BEGIN

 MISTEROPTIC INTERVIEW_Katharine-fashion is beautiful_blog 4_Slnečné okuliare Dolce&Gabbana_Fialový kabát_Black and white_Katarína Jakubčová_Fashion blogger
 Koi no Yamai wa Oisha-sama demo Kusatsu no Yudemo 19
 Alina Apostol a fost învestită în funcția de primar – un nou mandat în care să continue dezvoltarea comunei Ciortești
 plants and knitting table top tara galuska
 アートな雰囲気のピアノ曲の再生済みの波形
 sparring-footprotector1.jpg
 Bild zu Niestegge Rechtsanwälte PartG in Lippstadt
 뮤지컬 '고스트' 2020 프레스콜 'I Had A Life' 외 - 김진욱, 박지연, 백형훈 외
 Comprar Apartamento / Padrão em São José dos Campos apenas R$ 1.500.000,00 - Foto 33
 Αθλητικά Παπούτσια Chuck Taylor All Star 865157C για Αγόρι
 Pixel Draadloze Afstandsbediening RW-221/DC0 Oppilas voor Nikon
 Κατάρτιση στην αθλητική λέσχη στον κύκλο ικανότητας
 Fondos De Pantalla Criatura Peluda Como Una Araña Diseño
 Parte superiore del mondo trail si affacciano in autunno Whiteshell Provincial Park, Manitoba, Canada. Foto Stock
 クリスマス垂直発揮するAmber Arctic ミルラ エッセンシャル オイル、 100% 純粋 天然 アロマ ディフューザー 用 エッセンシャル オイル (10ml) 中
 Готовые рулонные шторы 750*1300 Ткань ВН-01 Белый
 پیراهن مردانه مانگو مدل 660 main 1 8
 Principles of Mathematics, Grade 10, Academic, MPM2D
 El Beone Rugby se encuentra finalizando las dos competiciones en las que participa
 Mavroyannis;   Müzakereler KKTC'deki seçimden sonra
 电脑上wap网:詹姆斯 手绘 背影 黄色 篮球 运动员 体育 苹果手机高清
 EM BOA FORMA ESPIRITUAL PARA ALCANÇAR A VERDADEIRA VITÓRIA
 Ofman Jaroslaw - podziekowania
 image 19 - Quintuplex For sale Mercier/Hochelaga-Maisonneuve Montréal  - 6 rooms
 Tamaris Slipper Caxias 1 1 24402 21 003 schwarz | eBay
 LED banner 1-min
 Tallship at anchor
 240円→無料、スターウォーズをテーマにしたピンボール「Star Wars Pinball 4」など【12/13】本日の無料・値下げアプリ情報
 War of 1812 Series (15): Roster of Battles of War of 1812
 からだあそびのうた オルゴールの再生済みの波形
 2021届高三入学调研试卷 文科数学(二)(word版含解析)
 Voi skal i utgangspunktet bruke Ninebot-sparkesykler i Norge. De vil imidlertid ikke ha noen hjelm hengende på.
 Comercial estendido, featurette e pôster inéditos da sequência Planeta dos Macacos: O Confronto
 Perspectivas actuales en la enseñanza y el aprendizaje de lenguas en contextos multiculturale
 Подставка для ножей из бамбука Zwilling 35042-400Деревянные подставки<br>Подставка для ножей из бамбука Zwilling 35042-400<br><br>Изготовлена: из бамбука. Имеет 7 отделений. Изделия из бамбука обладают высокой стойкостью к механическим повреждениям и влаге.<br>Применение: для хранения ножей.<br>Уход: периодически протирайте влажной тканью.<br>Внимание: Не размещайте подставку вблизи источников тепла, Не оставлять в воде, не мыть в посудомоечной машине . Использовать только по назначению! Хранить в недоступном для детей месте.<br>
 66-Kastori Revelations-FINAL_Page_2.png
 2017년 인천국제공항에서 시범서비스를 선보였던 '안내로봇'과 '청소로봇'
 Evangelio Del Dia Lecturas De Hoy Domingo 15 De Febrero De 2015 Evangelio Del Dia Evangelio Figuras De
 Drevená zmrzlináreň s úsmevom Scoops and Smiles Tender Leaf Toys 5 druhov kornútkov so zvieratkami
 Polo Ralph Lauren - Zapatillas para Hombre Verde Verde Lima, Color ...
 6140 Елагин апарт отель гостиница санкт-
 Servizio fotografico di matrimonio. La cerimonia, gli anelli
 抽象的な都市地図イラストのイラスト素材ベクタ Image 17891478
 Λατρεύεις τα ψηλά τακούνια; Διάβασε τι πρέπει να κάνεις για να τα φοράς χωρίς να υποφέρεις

END

## WHAT THIS TASK INVOLVES
Please copy the lines in the records above between the one holding "EM BOA FORMA" and the one holding "Voi skal i utgangspunktet", inclusive, exactly and with no other line.

## EXERCISE ANSWER
 EM BOA FORMA ESPIRITUAL PARA ALCANÇAR A VERDADEIRA VITÓRIA
 Ofman Jaroslaw - podziekowania
 image 19 - Quintuplex For sale Mercier/Hochelaga-Maisonneuve Montréal  - 6 rooms
 Tamaris Slipper Caxias 1 1 24402 21 003 schwarz | eBay
 LED banner 1-min
 Tallship at anchor
 240円→無料、スターウォーズをテーマにしたピンボール「Star Wars Pinball 4」など【12/13】本日の無料・値下げアプリ情報
 War of 1812 Series (15): Roster of Battles of War of 1812
 からだあそびのうた オルゴールの再生済みの波形
 2021届高三入学调研试卷 文科数学(二)(word版含解析)
 Voi skal i utgangspunktet bruke Ninebot-sparkesykler i Norge. De vil imidlertid ikke ha noen hjelm hengende på.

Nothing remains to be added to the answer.